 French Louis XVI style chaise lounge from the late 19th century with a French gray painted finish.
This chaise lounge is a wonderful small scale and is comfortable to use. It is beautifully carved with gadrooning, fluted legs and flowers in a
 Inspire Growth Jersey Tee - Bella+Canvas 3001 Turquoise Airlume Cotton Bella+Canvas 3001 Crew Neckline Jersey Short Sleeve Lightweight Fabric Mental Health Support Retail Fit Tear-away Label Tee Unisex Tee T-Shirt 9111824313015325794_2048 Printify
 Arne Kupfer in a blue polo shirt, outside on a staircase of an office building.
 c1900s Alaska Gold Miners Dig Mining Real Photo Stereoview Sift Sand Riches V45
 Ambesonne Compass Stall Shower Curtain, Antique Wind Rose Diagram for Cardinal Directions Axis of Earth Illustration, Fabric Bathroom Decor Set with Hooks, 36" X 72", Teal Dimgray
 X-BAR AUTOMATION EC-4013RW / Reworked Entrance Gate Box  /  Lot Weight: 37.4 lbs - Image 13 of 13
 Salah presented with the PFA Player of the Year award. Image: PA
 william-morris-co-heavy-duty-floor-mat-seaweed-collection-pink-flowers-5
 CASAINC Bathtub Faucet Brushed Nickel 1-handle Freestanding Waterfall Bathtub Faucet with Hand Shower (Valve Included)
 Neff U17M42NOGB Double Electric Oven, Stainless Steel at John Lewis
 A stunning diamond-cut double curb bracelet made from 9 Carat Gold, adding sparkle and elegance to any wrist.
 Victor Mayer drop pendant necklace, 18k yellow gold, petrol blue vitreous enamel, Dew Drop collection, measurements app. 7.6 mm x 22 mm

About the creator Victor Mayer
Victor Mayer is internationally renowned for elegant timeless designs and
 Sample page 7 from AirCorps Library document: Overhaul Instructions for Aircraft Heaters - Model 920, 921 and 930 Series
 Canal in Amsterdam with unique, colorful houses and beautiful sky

::::::::

» **TASK STATEMENT**: Retype only the lines running from the top of the listing to the line that holds "A stunning diamond-cut", both ends included.

» **ANSWER BOX**:
 French Louis XVI style chaise lounge from the late 19th century with a French gray painted finish.
This chaise lounge is a wonderful small scale and is comfortable to use. It is beautifully carved with gadrooning, fluted legs and flowers in a
 Inspire Growth Jersey Tee - Bella+Canvas 3001 Turquoise Airlume Cotton Bella+Canvas 3001 Crew Neckline Jersey Short Sleeve Lightweight Fabric Mental Health Support Retail Fit Tear-away Label Tee Unisex Tee T-Shirt 9111824313015325794_2048 Printify
 Arne Kupfer in a blue polo shirt, outside on a staircase of an office building.
 c1900s Alaska Gold Miners Dig Mining Real Photo Stereoview Sift Sand Riches V45
 Ambesonne Compass Stall Shower Curtain, Antique Wind Rose Diagram for Cardinal Directions Axis of Earth Illustration, Fabric Bathroom Decor Set with Hooks, 36" X 72", Teal Dimgray
 X-BAR AUTOMATION EC-4013RW / Reworked Entrance Gate Box  /  Lot Weight: 37.4 lbs - Image 13 of 13
 Salah presented with the PFA Player of the Year award. Image: PA
 william-morris-co-heavy-duty-floor-mat-seaweed-collection-pink-flowers-5
 CASAINC Bathtub Faucet Brushed Nickel 1-handle Freestanding Waterfall Bathtub Faucet with Hand Shower (Valve Included)
 Neff U17M42NOGB Double Electric Oven, Stainless Steel at John Lewis
 A stunning diamond-cut double curb bracelet made from 9 Carat Gold, adding sparkle and elegance to any wrist.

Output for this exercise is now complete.